**Your assignment**
What you return should be the lines from the one with "Russell Fragar - My" through the one with "Hyde Park Collection" in the data below, reproduced exactly with both ends, and no pictures at all.

**Data under study**

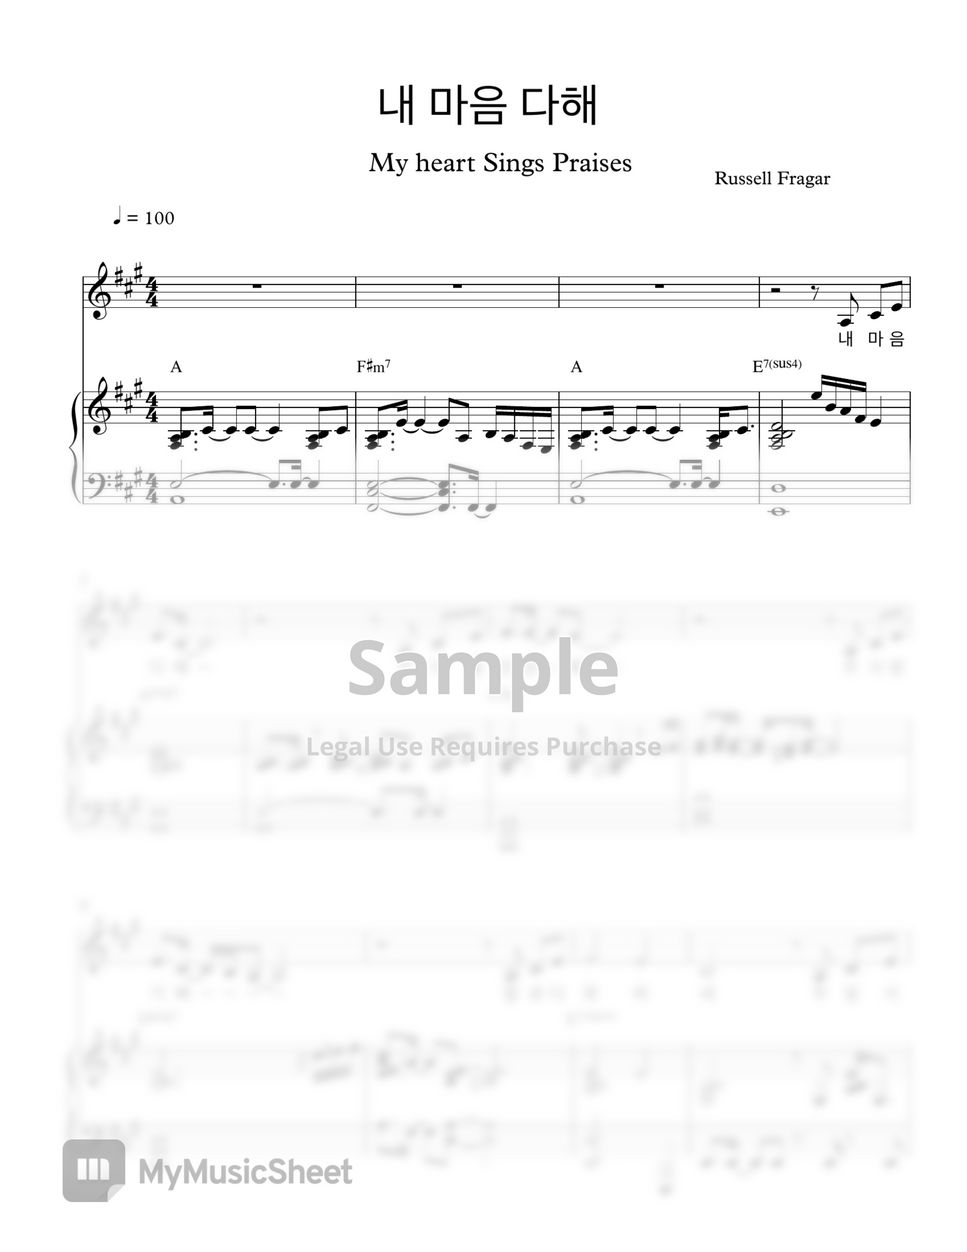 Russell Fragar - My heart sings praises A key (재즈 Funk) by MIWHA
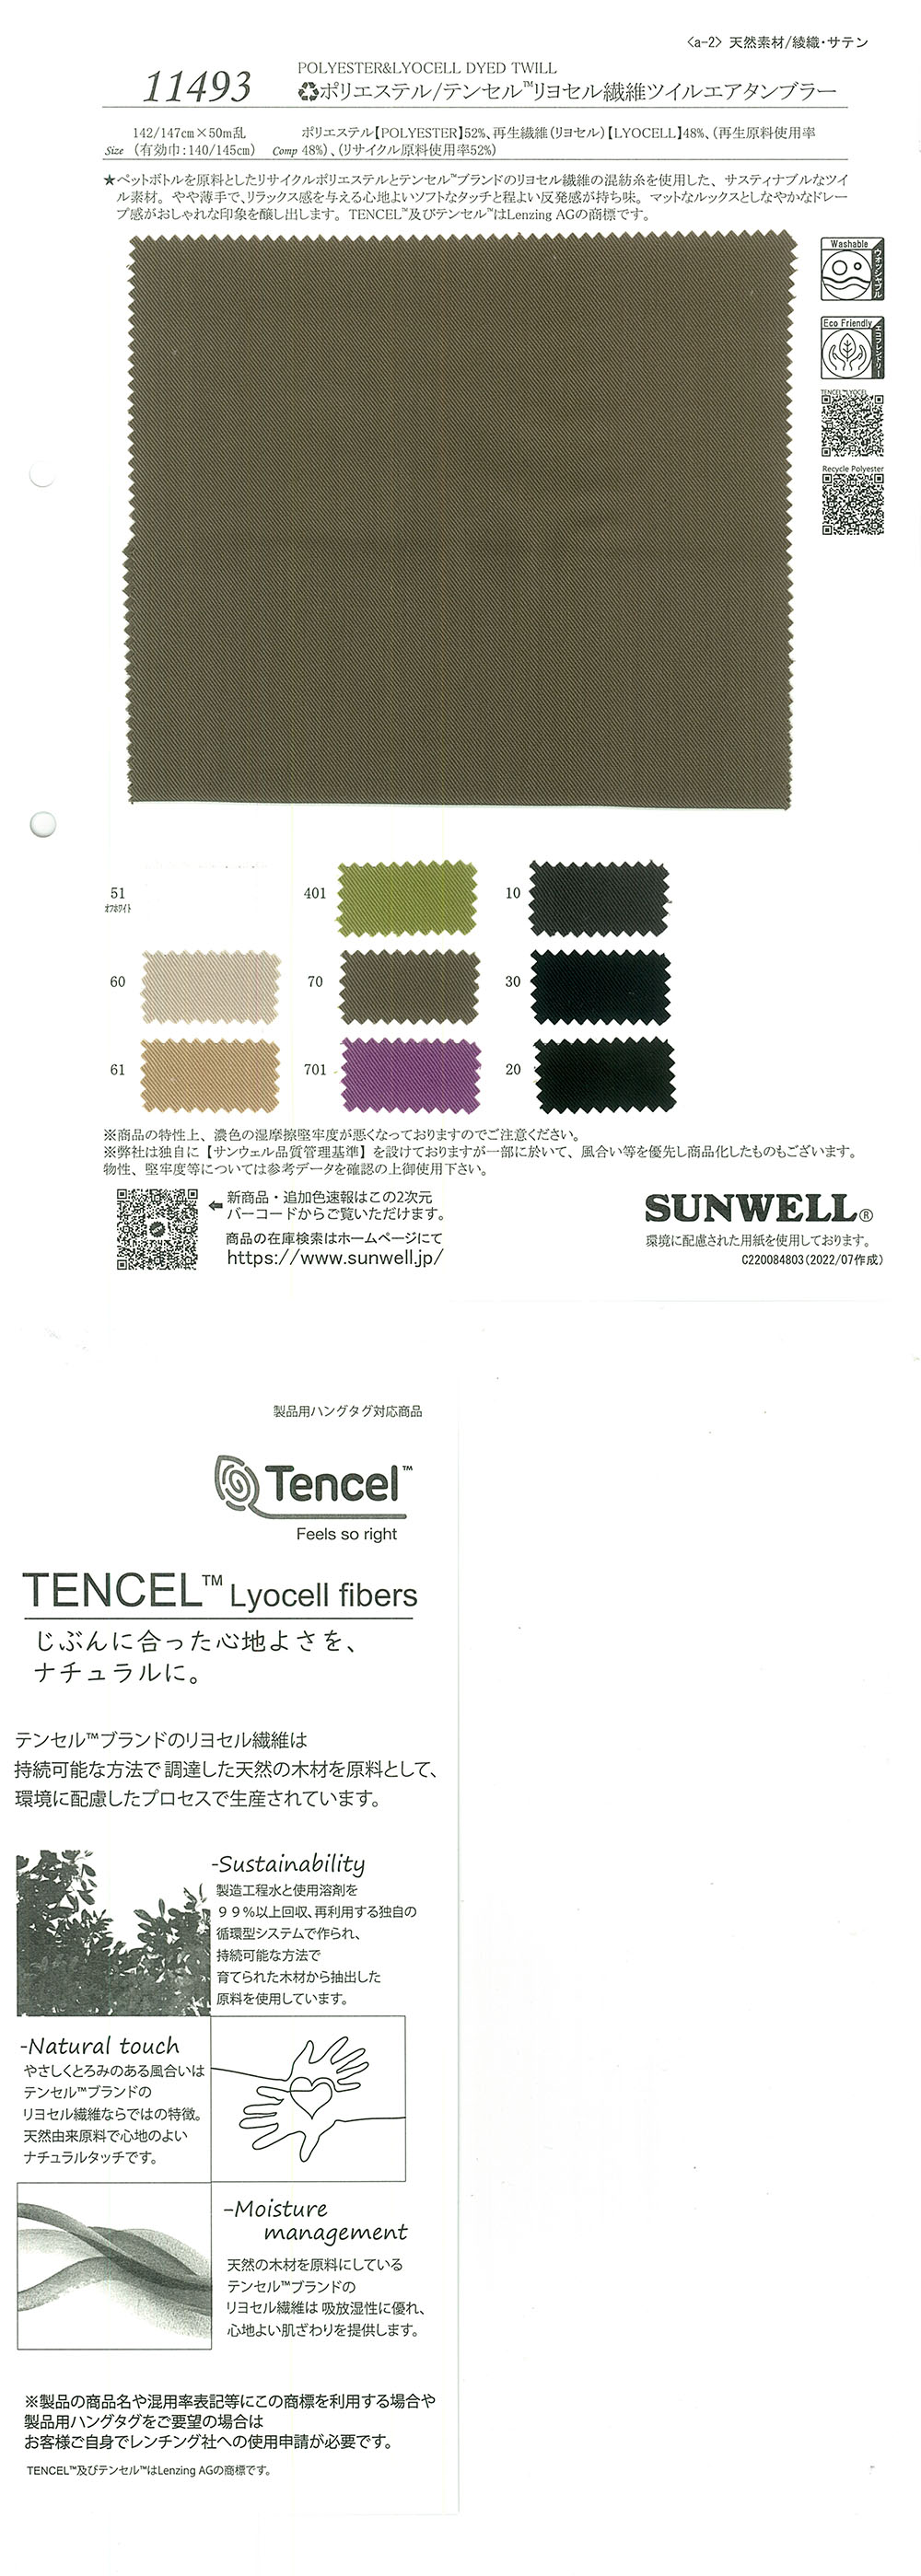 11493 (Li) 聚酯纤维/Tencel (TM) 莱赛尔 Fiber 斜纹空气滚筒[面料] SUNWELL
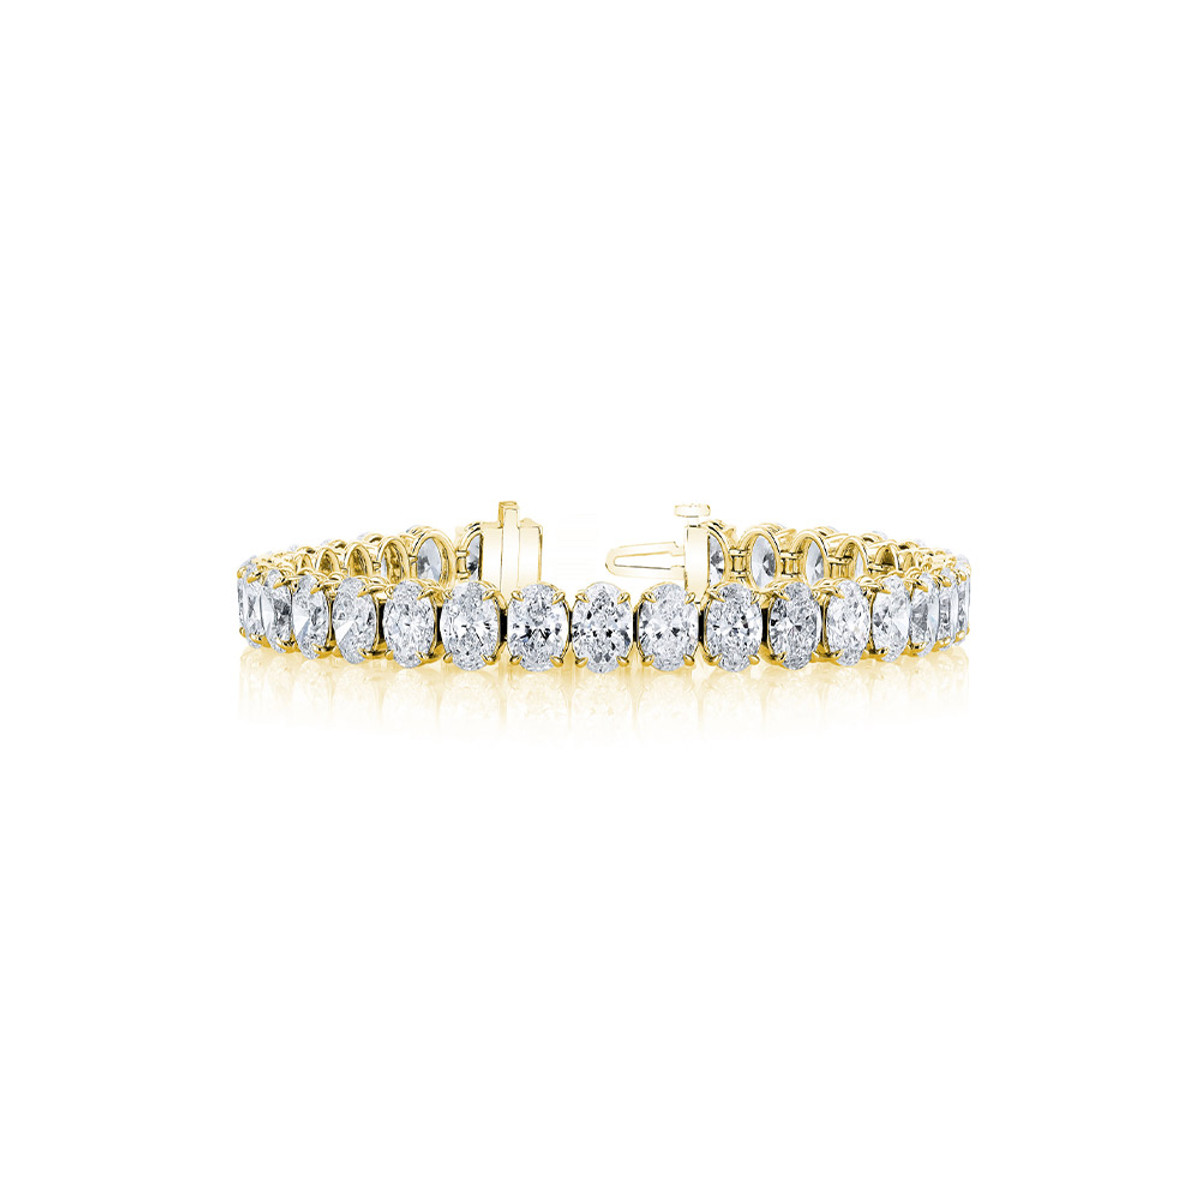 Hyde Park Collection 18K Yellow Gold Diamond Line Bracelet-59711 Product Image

--

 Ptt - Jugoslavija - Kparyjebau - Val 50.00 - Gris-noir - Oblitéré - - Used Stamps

* * *

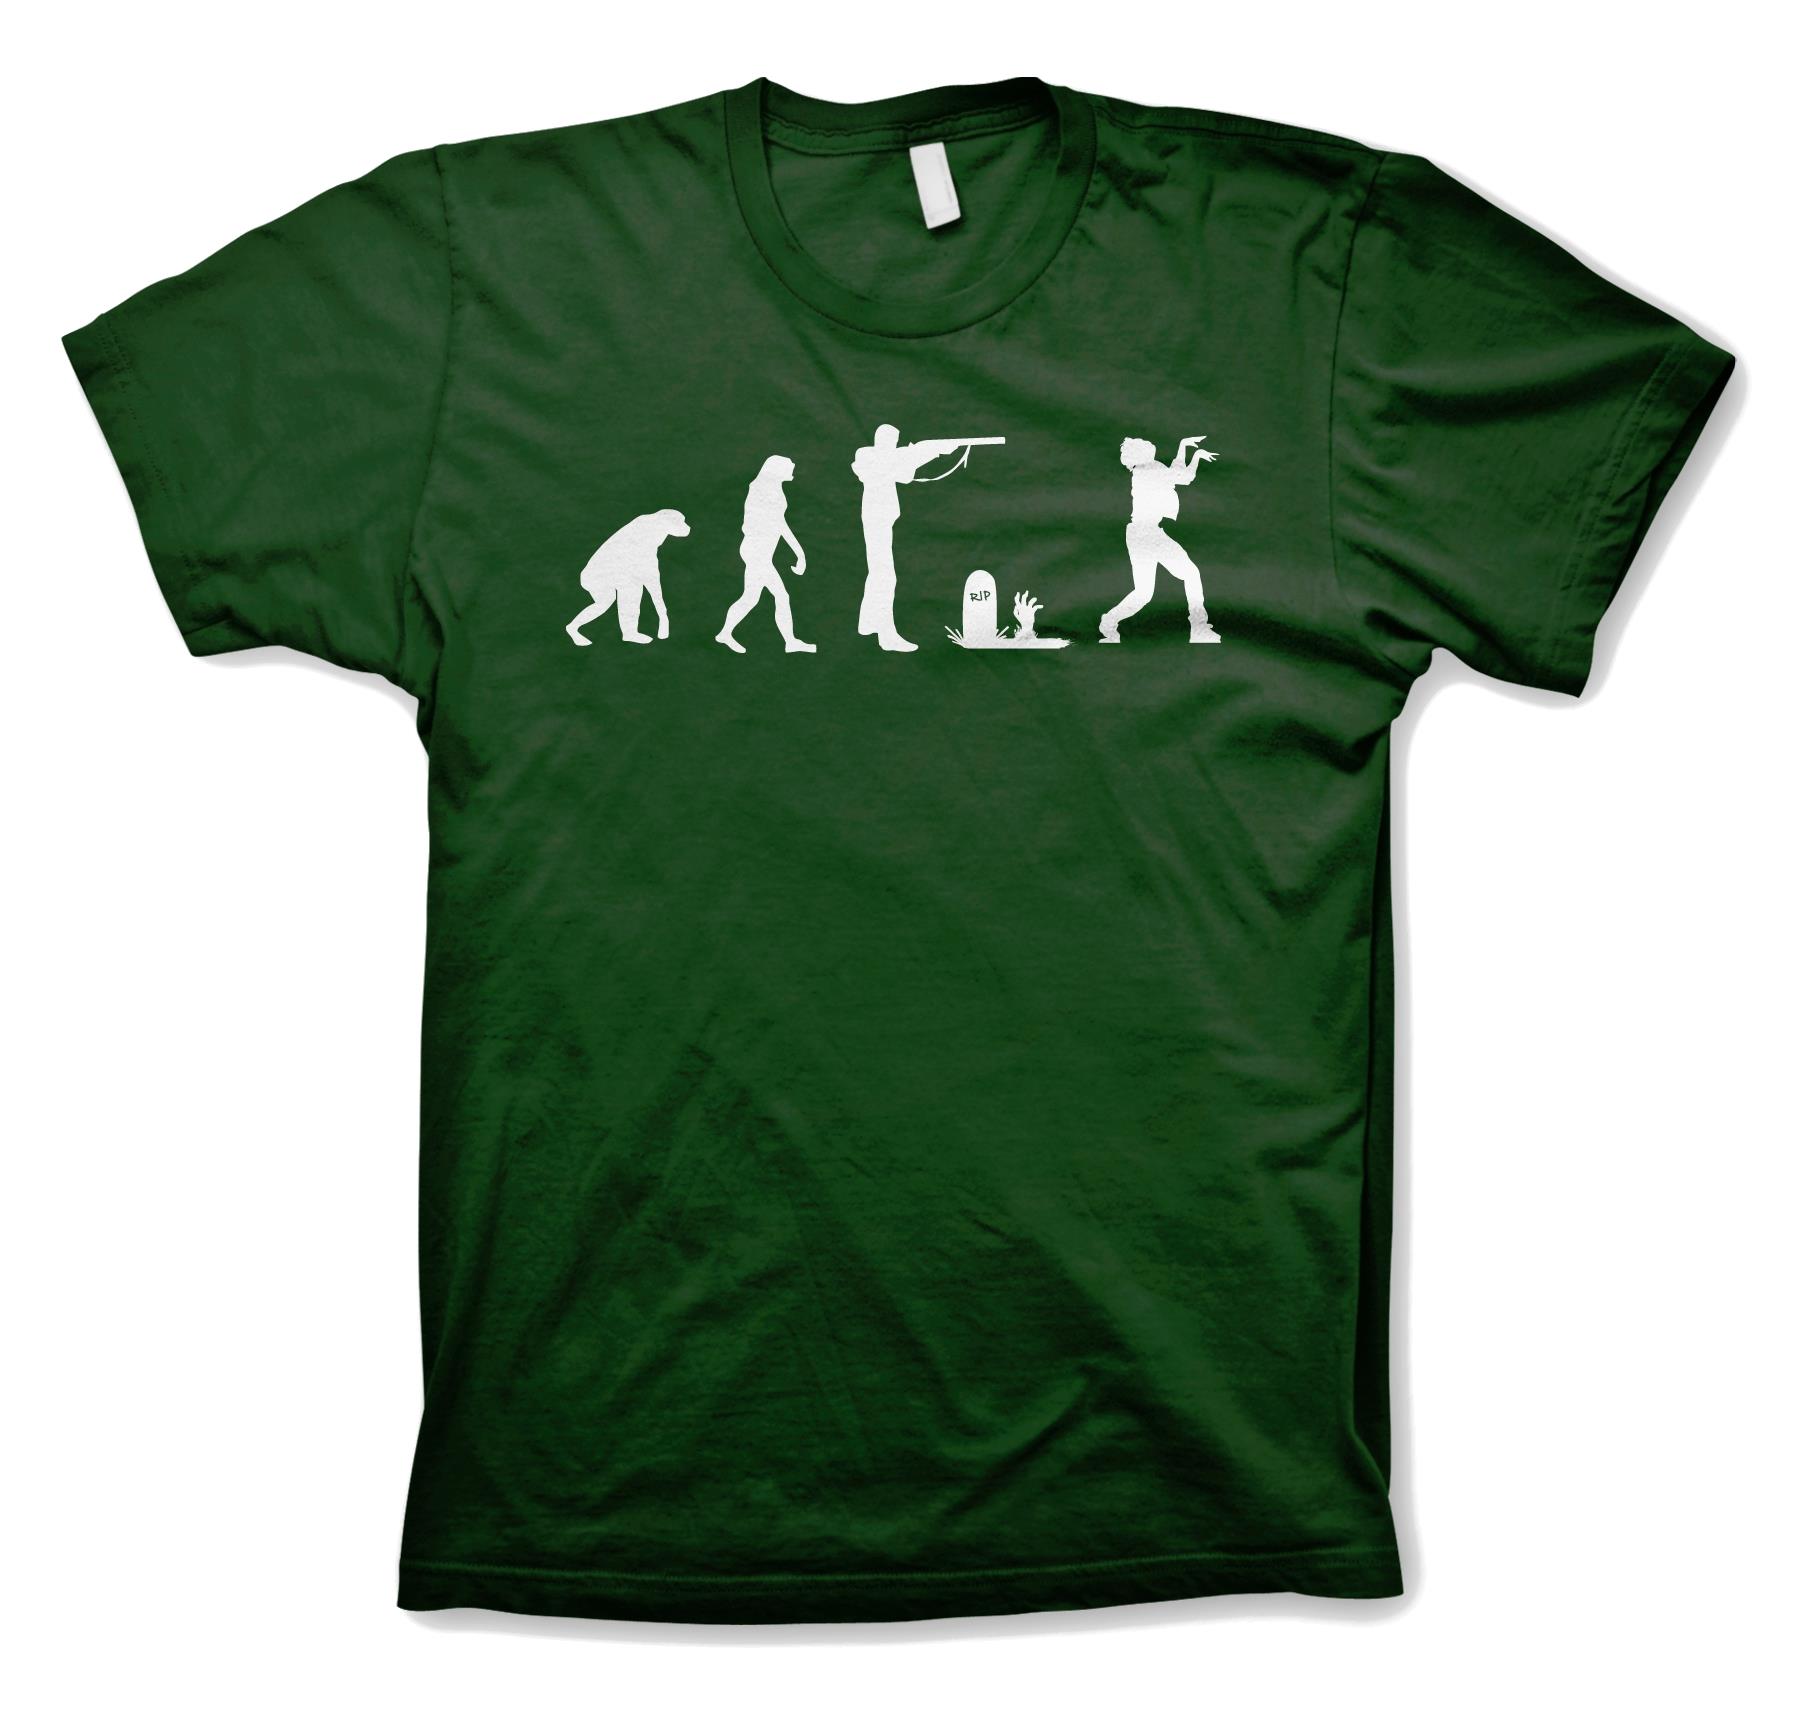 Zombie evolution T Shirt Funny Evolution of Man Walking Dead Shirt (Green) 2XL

**Result of this task**
 Russell Fragar - My heart sings praises A key (재즈 Funk) by MIWHA
 11493 (Li) 聚酯纤维/Tencel (TM) 莱赛尔 Fiber 斜纹空气滚筒[面料] SUNWELL
 Hyde Park Collection 18K Yellow Gold Diamond Line Bracelet-59711 Product Image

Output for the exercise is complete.